Film

The Beautiful Game: Meet the real-life footballers who inspired Netflix's Homeless World Cup film

Meet the players of the Homeless World Cup whose stories informed the new Netflix movie

The Beautiful game is on Netflix from 29 March. Image: Alfredo Falvo / Netflix

These are the real-life footballers who inspired The Beautiful Game, the new Netflix drama based on the Homeless World Cup starring award-winning actor Billy Nighy, Micheal Ward and Callum Scott Howells.

Lisa Wrightsman, USA

Lisa Wrightsman’s life story could be quite the motion picture in its own right – so it’s fitting that she features in The Beautiful Game. The American fell into homelessness after her dreams of being a professional footballer didn’t pan out and addictions tore her life apart.

But the Homeless World Cup offered her a way back in life and she played for the Street Soccer USA team in the event in Brazil in 2010 – an experience she told the Big Issue was “mind-blowing”.

Image: Sacramento Sate / Andrea Price

She went on to coach the USA team at subsequent tournaments and set up women’s coach programmes in her native Sacramento. 

But the crowning redemptive moment came last year when Wrightsman welcomed teams all over the world for the Homeless World Cup in her home city – the first time the tournament had been held in the States in its 20-year history. 

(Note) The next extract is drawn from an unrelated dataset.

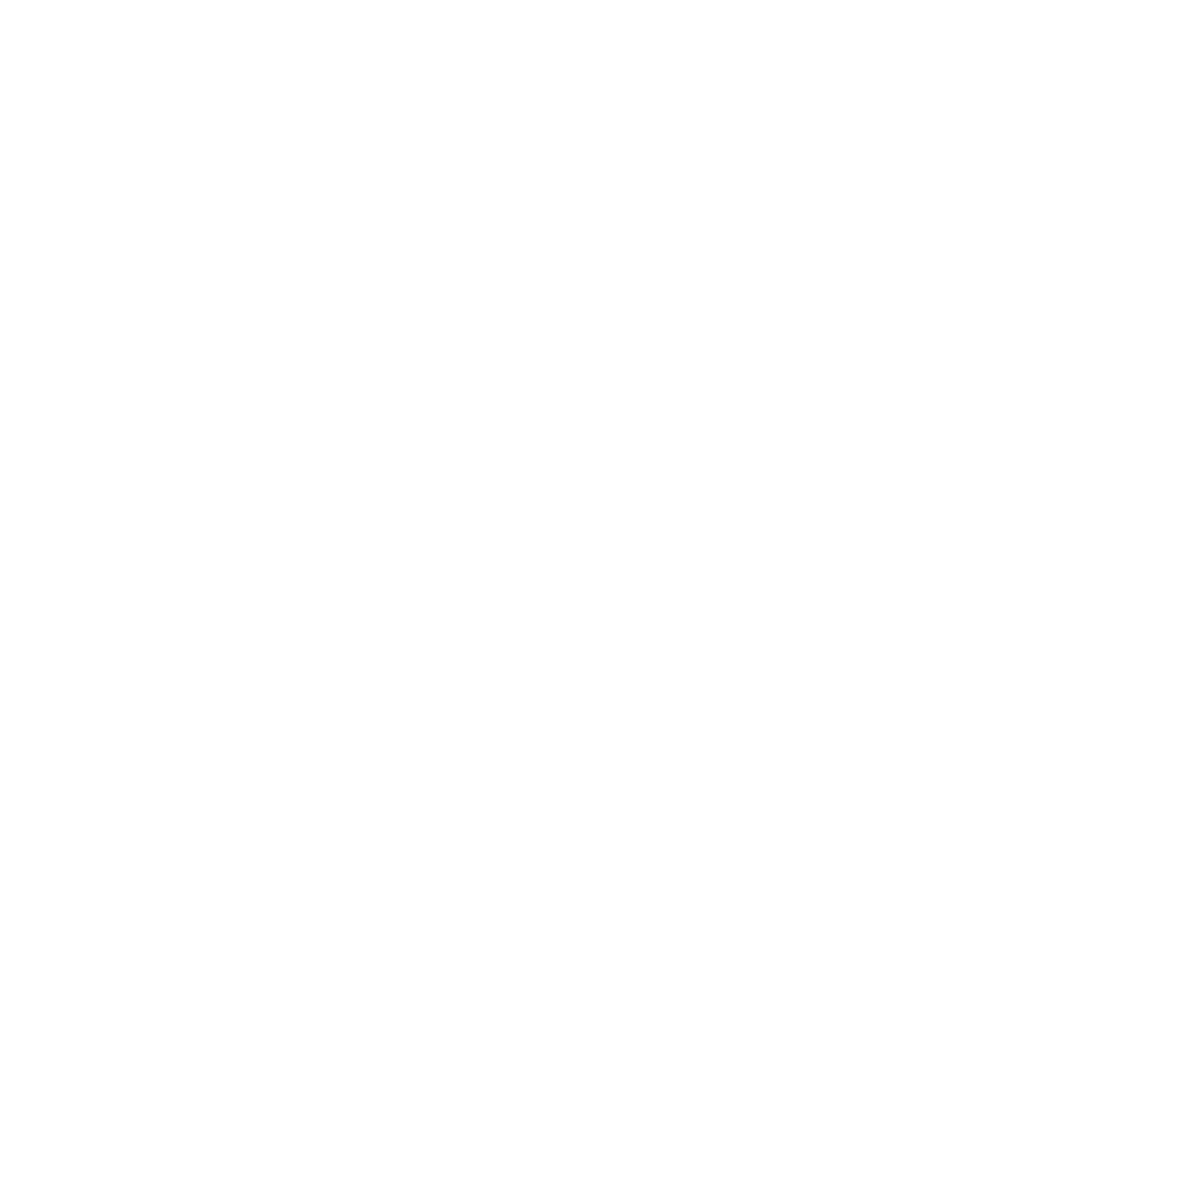 Harvest & Blooms

“When Mel Young from the Homeless World Cup called to ask if some of us from Street Soccer USA wanted to be part of filming for The Beautiful Game to play the role of the USA Women’s team – we said yes immediately,” Wrightsman told the Big Issue. “When it comes to the Homeless World Cup or Street Soccer USA (SSUSA) it’s usually a yes to anything and we were delighted to be invited out to Rome, Italy.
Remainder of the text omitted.